This book examines the role of language in the present and past creation of social, cultural, and national identities in Europe. It considers the way in which language politics may sometimes reinforce national identity (as in France), or sometimes tend to undermine the nation-state (as in Spain). After an introduction describing the interactive roles of language, ethnicity, culture, and institutions in the character and formation of nationalism and national
identity, the book considers their different manifestations throughout Europe.This is an accessible investigation of a subject of perennial importance in European culture and politics.

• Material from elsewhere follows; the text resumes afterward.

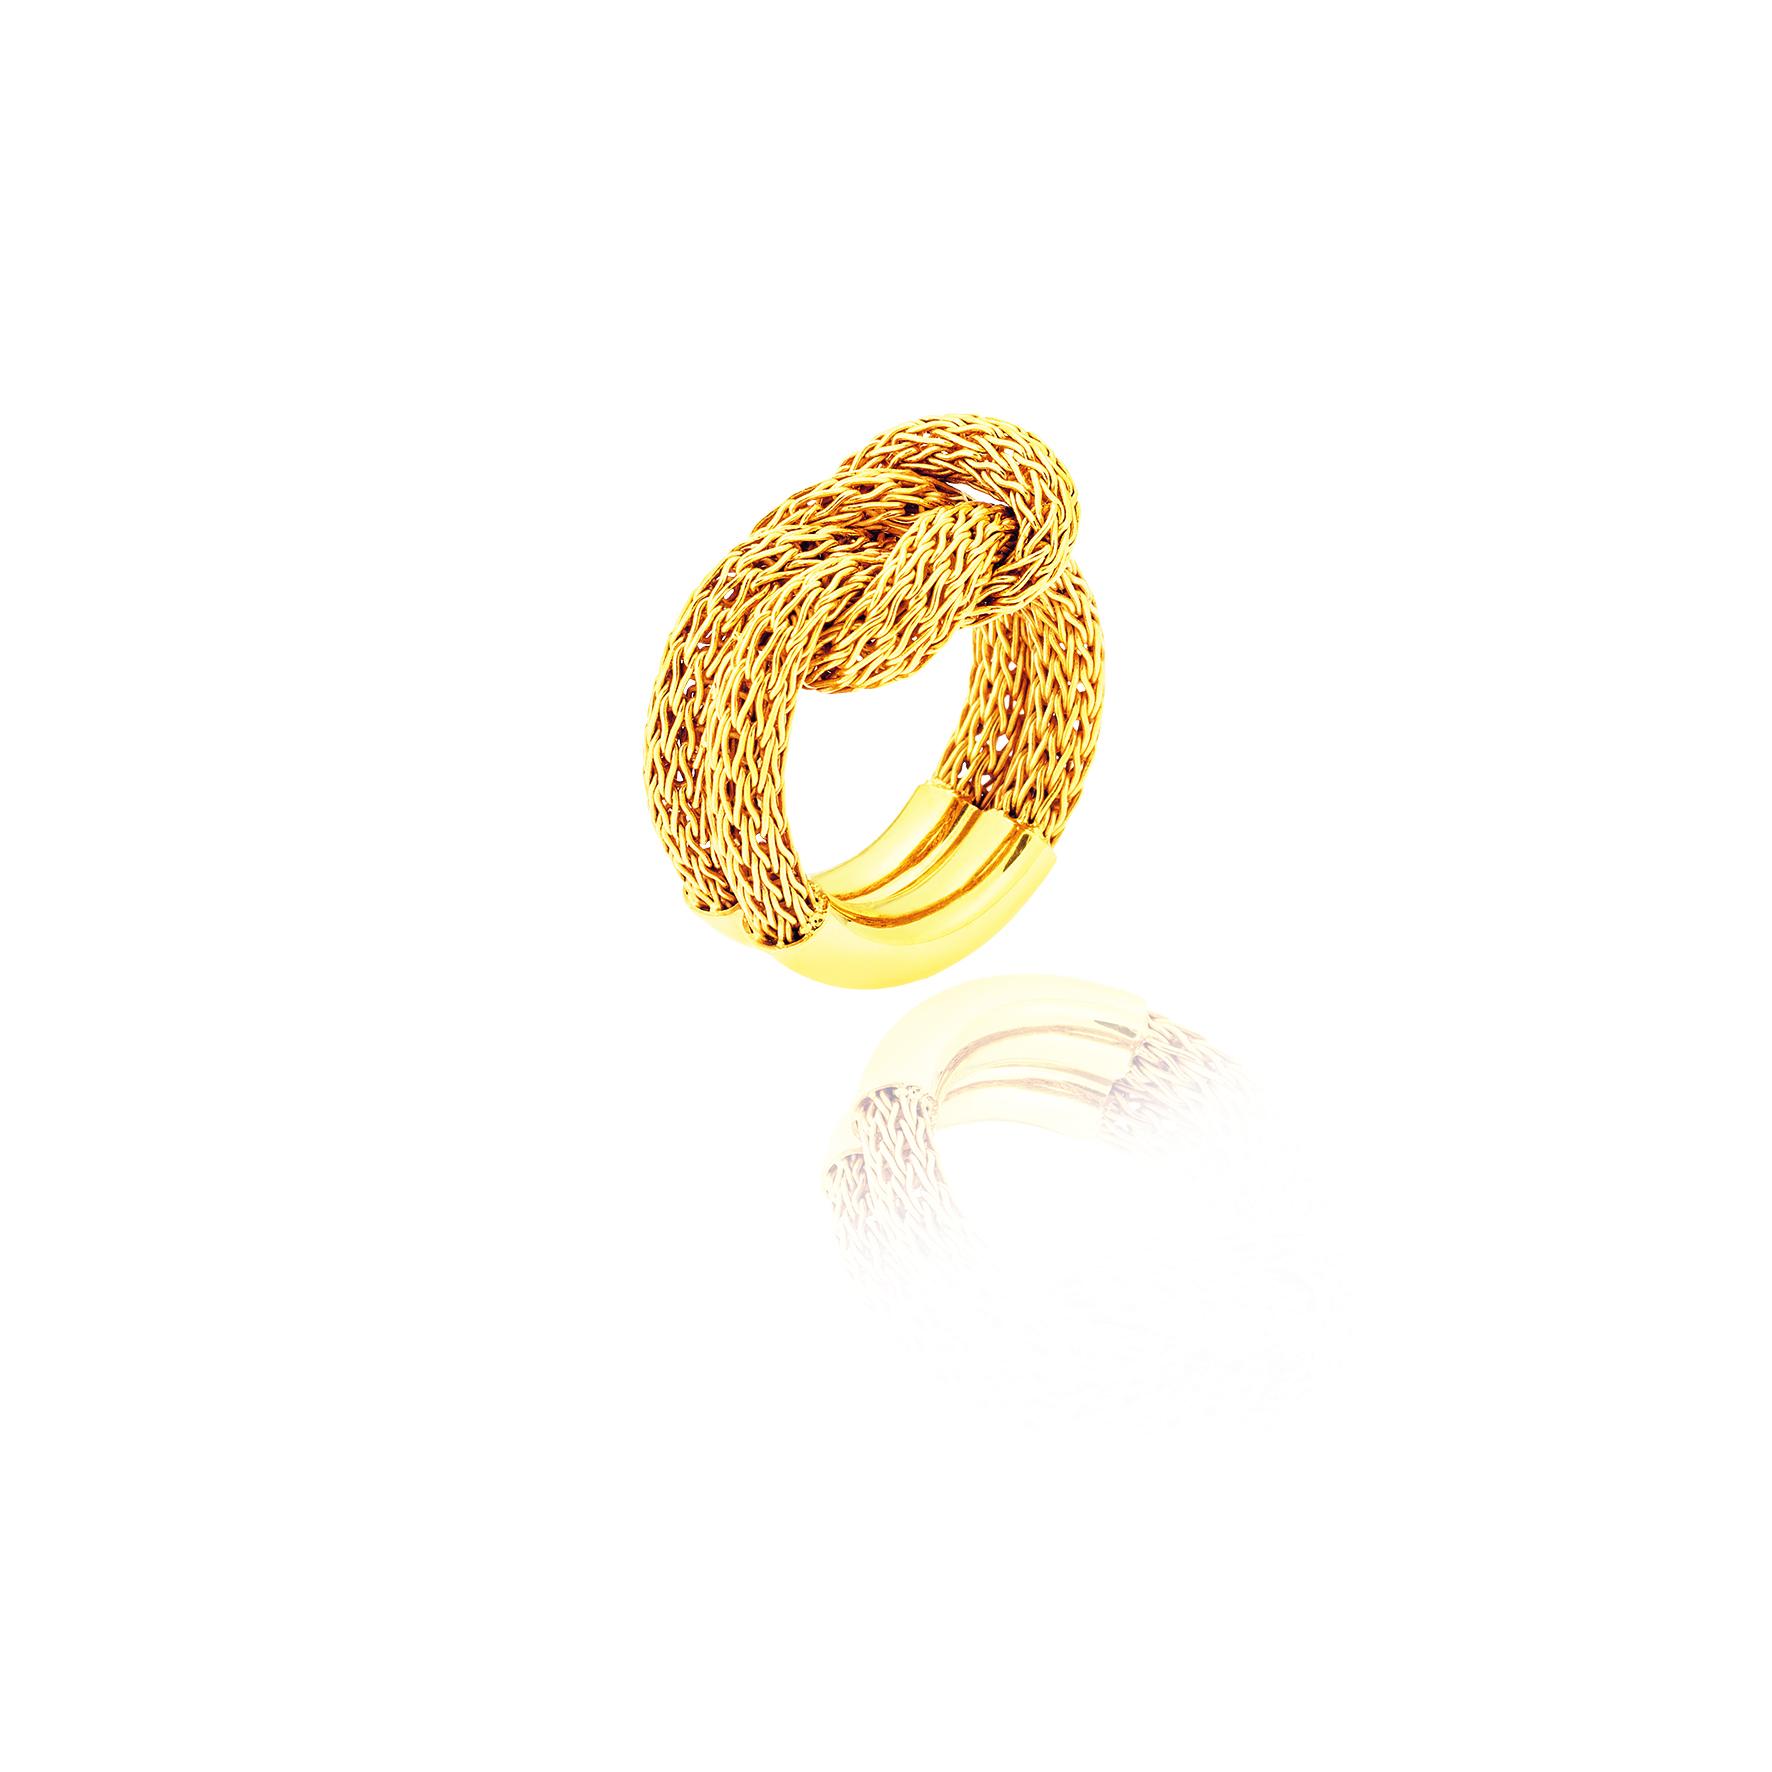 Τα ελληνικά κοσμήματα που φορά η παγκόσμια ελίτ - Marie Claire a526c1a5bdb

It
will be of equal interest to political scientists, historians, and sociolinguists. Chapters by leading scholars are devoted to Britain and Ireland; France; Spain and Portugal; Scandinavia, Iceland, and Finland; the Netherlands and Belgium; Germany, Austria, Switzerland, and Luxembourg; Italy; Hungary, Poland, Slovakia, and the Czech Republic; Bulgaria, Bosnia-Hercegovina, Albania, Slovenia, Romania, Croatia, Macedonia, and the Federal Republic of Yugoslavia; Greece and Turkey; the Ukraine,
Belarus, Moldova, the Baltic States, and the Russian Federation. The book concludes with a consideration of the relative status of the languages of Europe and how these, and the identities they reflect,
are changing and evolving.
Author Biography:
Stephen Barbour is a lecturer in German at the University of East Anglia, Norwich. His research and teaching focus chiefly on German language and the linguistics of German, but also include sociolinguistic issues in several areas, particularly in northern Europe. His publications include Variation in German, with Patrick Stevenson (1990; German edn. 1998), and a number of papers on language and nationalism. Cathie Carmichael teaches contemporary European
history at Middlesex University. A specialist in the cultural history of south-eastern Europe, she is co-author (with James Gow) of Slovenia: A Small State in the New Europe (2000), and has published articles on
popular culture and travel literature. She is currently working on a history of ethnic cleansing in the Balkans, which will appear in 2001.